Required action – Below are some entries. Repeat exactly the lines from the one with "Avacore Arbeitsschutzbrille, mit" through the one with "Verschiedene geräucherte Wurstspezialitäten", and only those.

Source records
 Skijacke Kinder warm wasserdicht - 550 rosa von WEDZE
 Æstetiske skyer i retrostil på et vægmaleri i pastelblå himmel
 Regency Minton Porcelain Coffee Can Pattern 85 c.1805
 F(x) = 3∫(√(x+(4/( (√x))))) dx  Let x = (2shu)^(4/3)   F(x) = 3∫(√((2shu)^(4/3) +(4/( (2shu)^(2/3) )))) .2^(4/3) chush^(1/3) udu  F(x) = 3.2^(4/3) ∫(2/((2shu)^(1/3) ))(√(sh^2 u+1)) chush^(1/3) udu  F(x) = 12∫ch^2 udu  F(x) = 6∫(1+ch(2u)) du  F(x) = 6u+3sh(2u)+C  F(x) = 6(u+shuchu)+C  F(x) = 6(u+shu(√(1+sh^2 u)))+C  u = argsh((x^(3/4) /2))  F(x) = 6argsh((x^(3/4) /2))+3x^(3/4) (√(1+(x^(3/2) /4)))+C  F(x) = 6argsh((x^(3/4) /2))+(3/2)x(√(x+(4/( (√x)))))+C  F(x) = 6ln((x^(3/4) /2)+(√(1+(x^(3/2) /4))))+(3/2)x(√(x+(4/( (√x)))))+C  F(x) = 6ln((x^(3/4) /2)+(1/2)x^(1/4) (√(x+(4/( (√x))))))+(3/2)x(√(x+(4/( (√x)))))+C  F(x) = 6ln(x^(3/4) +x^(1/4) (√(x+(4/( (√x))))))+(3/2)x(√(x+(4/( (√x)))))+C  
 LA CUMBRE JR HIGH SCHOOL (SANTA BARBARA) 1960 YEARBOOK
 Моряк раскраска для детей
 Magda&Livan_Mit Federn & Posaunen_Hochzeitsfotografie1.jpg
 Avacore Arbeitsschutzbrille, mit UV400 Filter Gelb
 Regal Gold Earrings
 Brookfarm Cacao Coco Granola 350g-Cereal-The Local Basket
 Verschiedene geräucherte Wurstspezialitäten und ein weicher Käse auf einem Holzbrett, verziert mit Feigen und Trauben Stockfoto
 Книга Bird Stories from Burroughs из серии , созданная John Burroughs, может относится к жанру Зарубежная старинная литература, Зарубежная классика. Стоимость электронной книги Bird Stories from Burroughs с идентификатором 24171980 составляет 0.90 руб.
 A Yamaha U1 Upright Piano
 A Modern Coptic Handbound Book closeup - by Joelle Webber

Answer to the problem –
 Avacore Arbeitsschutzbrille, mit UV400 Filter Gelb
 Regal Gold Earrings
 Brookfarm Cacao Coco Granola 350g-Cereal-The Local Basket
 Verschiedene geräucherte Wurstspezialitäten und ein weicher Käse auf einem Holzbrett, verziert mit Feigen und Trauben Stockfoto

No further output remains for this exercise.